WORK TO COMPLETE
The data below holds the lines to copy: everything from the line containing "Rib-eye steaks of" to the line containing "Roses and daisies bouquet wallpaper 1280x960", both ends included, set down exactly.
Segment Start: LISTED RECORDS
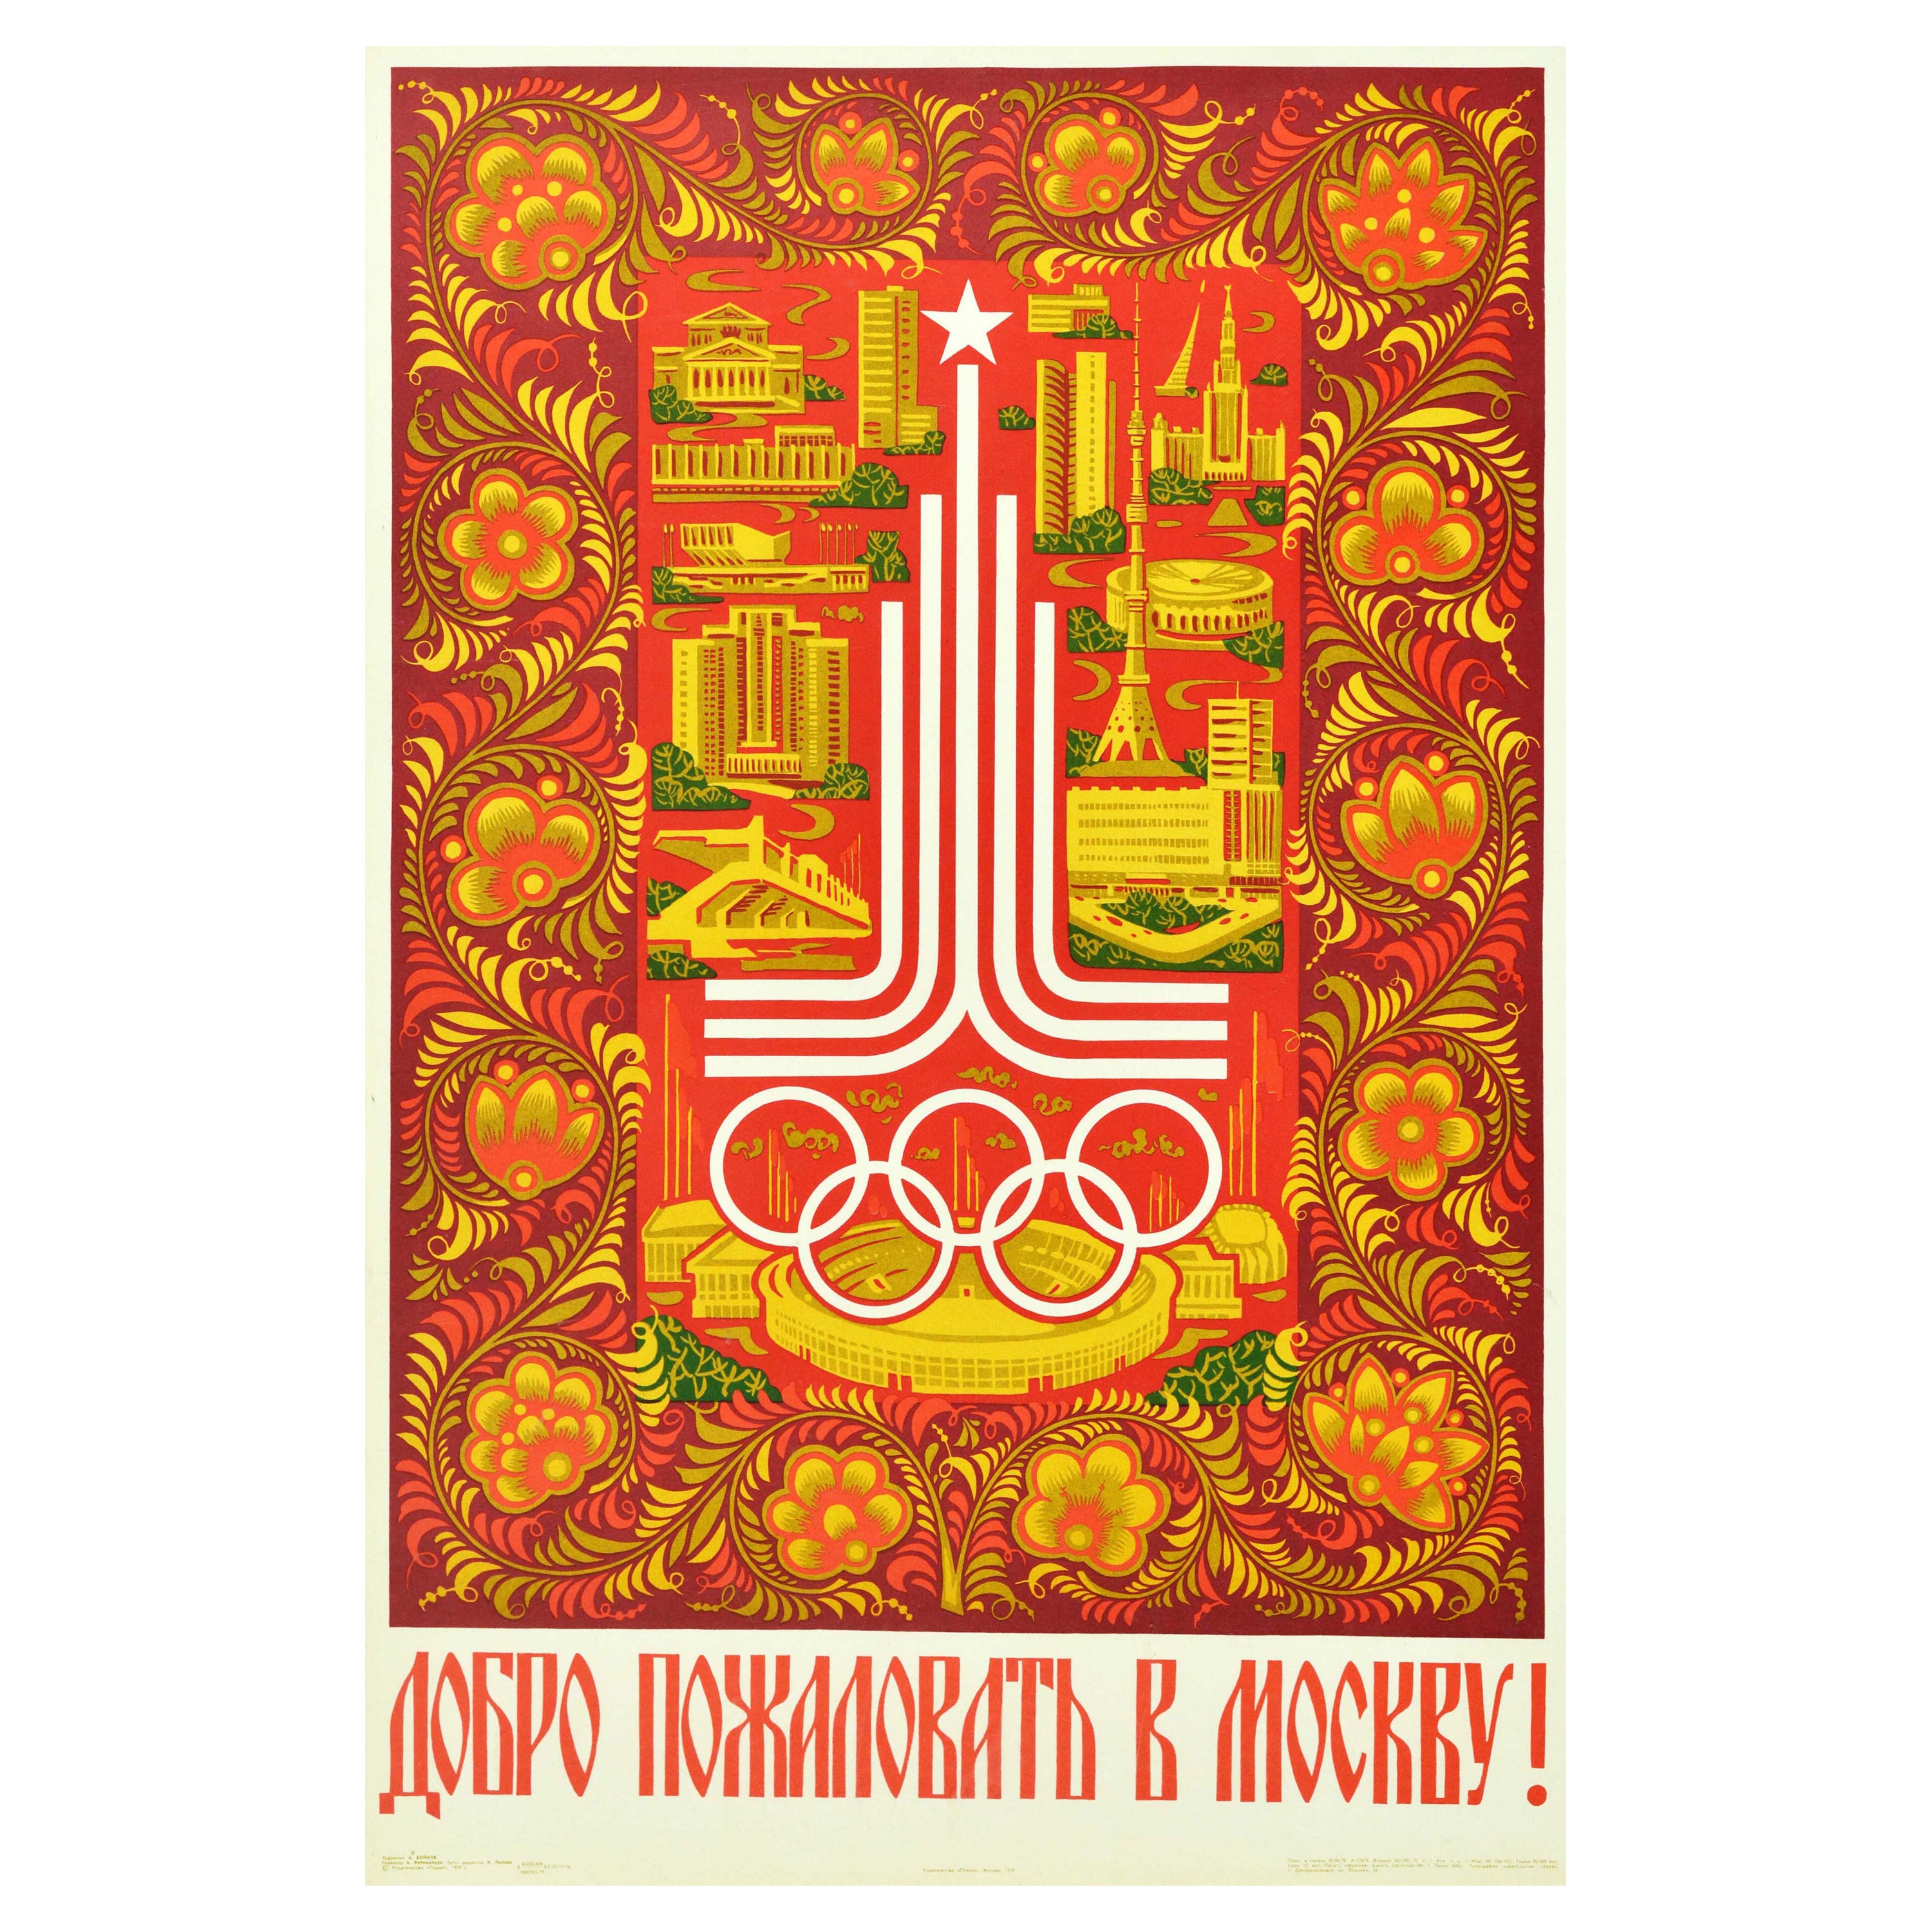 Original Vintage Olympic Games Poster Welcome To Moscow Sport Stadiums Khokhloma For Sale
Segment End: LISTED RECORDS
Segment Start: LISTED RECORDS
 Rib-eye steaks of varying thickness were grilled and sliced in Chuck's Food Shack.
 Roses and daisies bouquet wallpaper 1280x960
Segment End: LISTED RECORDS
Segment Start: LISTED RECORDS
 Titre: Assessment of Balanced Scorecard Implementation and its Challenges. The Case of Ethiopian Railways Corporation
Segment End: LISTED RECORDS
TASK OUTPUT
 Rib-eye steaks of varying thickness were grilled and sliced in Chuck's Food Shack.
 Roses and daisies bouquet wallpaper 1280x960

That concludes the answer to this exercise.